While the individual directors' performance was reviewed by the Chairman and the rest
of the Board excluding the Director being evaluated, the Chairman's and Non-Independent
Directors performance was appraised through feedback from Independent Directors.
14. Policy relating to remuneration of Directors, Key Managerial Personnel and other
Employees
In terms of the provisions of section 178 of the Companies Act, 2013 read with the
Companies (Meetings of Board and its Powers) Rules, 2014 and Regulation 19 of SEBI
(Listing Obligations and Disclosure Requirements) Regulations, 2015, the Company duly
constituted a Nomination and Remuneration (N&R) Committee comprising of the following
members: *Mr. Anil Kishorilala Patodia- Chairman, **Mr. Sachchidanand Rajaram Adam, *Mr.

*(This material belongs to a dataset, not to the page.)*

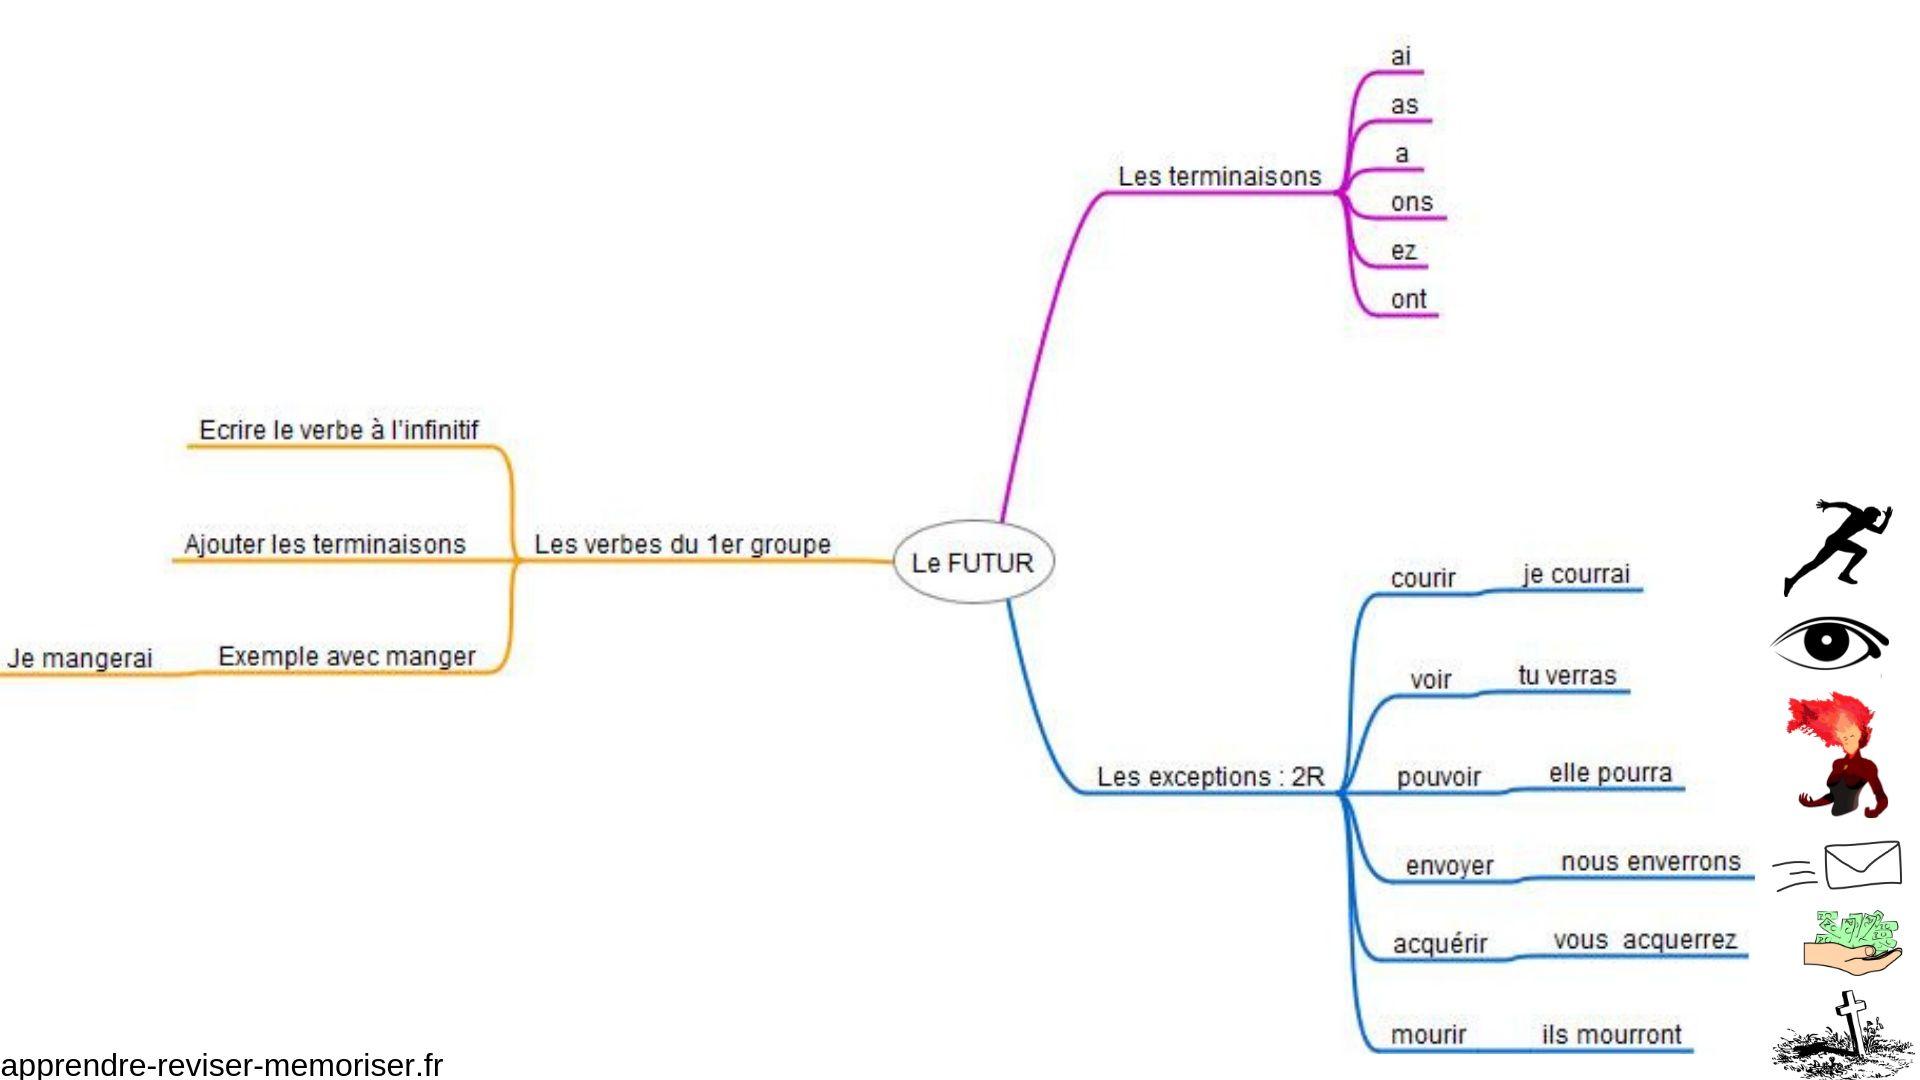 Conjugaison Carte Mentale Du Futur De L Indicatif Apprendre Reviser Memoriser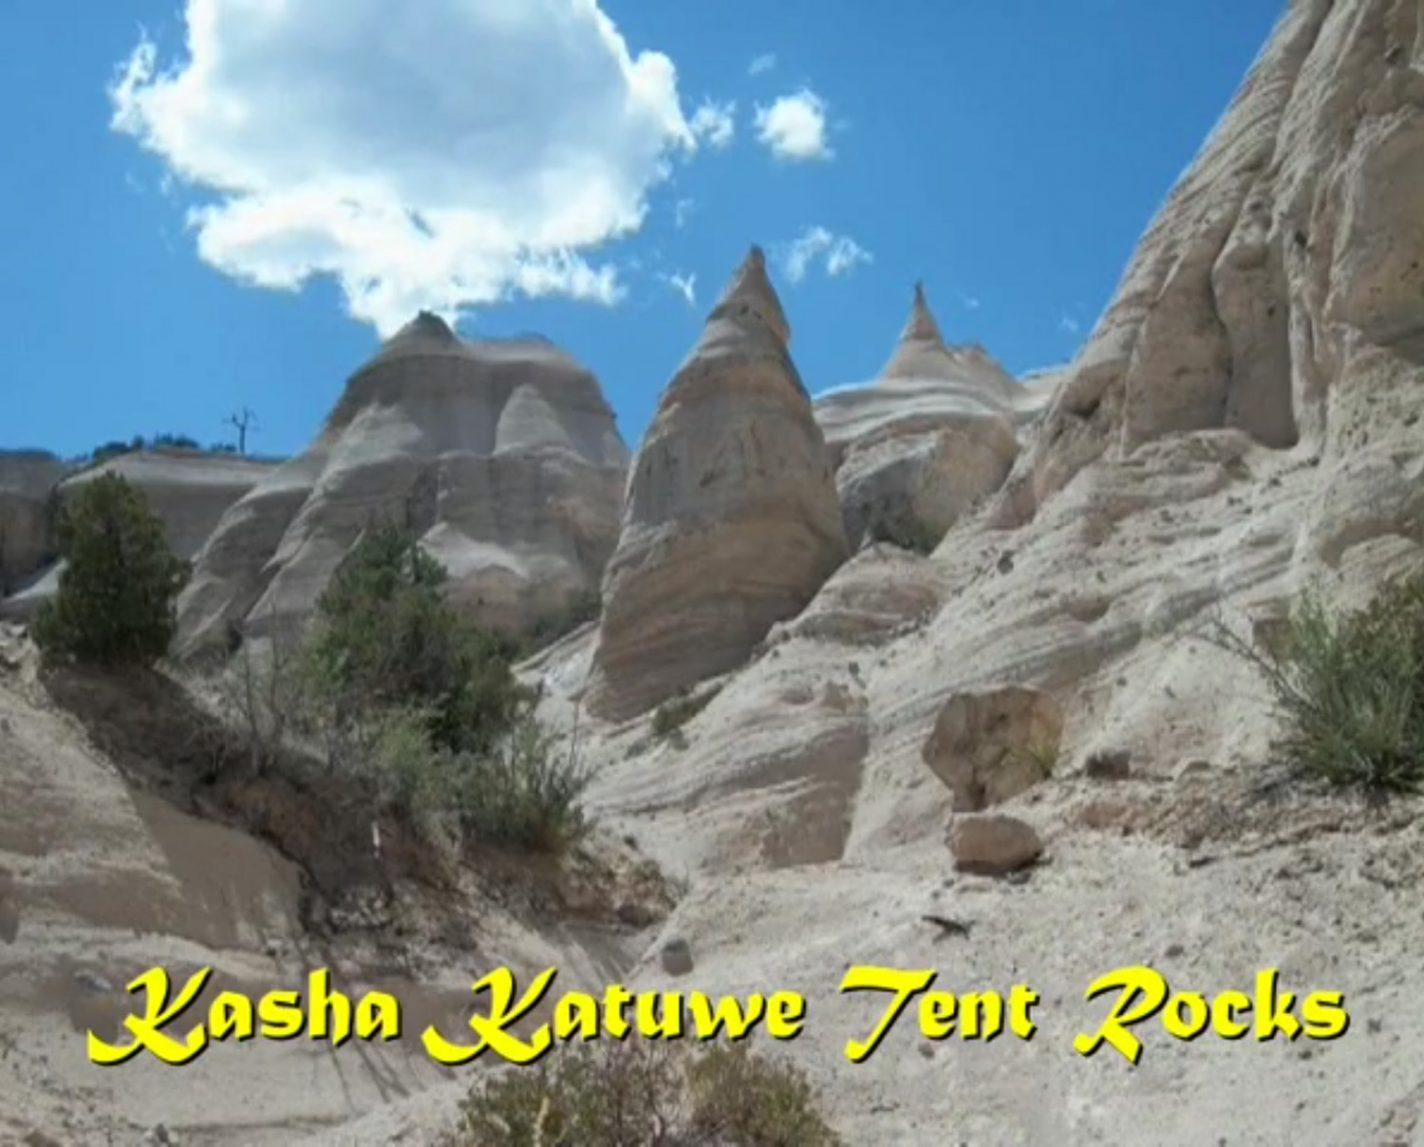 Kasha Tent Rocks

Naveen Kumar Dangayach The Board has, on the recommendation of the Nomination and
Remuneration Committee, framed and adopted the policy for selection and appointment of
Directors, senior
management and their remuneration. The Remuneration Policy is stated in the Corporate
Governance Report which forms part of this Report. The policy lays down criteria for
selection of directors and senior management such as expertise, experience and integrity
of the directors, independent nature of the Directors, personal and professional standing,
diversity of the Board etc.
During the year, the Committee met three times in the year on 31.10.2019, 23.01.2020
and 04.02.2020. All committee members have attended all the meetings during the year under
review.
* Mr. Anil Kishorilal Patodia and Mr. Naveen Kumar Dangayach resigned on 27th June,
2020 due to expiry of their term and Damodar Chunilal Trivedi was appointed as an
Additional Director in the category of Independent Director of the Company to be
regularized at ensuing Annual General Meeting
**The Member of the Committee, Mr. Sachchidanand Rajaram Adam, was appointed additional
director as on 14.11.2018, was regularized in Annual General Meeting which was held on
30.09.2019.
The Reconstituted Nomination and Remuneration Committee consists of the following
member as on 27.06.2020:
1. Mr. Damodar Chunilal Trivedi |
- Chairman |
2. Mr. Paresh Mulji Kariya |
- Member |
3. Mr. Sachidanand Rajaram Adam |
- Member |
15. Statutory Auditors
Pursuant to the provisions of Section 139 of the Companies Act, 2013 and the Companies
(Audit and Auditors) Rules, 2014.,M/s Agrawal Jain & Gupta, Chartered Accountants, the
Statutory Auditors of the Company, hold office upto the conclusion of the 42nd Annual
General Meeting. However, their appointment as Statutory Auditors of the Company is
subject to ratification by the Members at every Annual General Meeting. The Company has
received a certificate from the above Auditors to the effect that if their appointment is
ratified, it would be in accordance with the provisions of Section 141 of the Companies
Act, 2013.
16. Auditors Report
The Auditors Report to the Members on the Accounts of the Company for the financial
year ended March 31, 2020 does not contain any qualifications, reservations or adverse
remarks.
17. Details of Fraud Reported by Auditors
There were no frauds which are reported to have been committed by employees or officers
of the Company. The statutory auditors of the Company have vide their report of even date
confirmed that no fraud by the Company and no material fraud on the Company has been
noticed or reported during the year.
18. Secretarial Auditors
Mr. Ruchil Gandhi, of M/s. Ruchil Gandhi & Associates, Company Secretaries was
appointed to conduct the secretarial audit of the Company for FY 2019-20 as required under
section 204 of the Companies Act, 2013 and rules thereunder. The secretarial audit report
for FY 2019-20 forms the part of the annual report as Annexure III of the Board's report.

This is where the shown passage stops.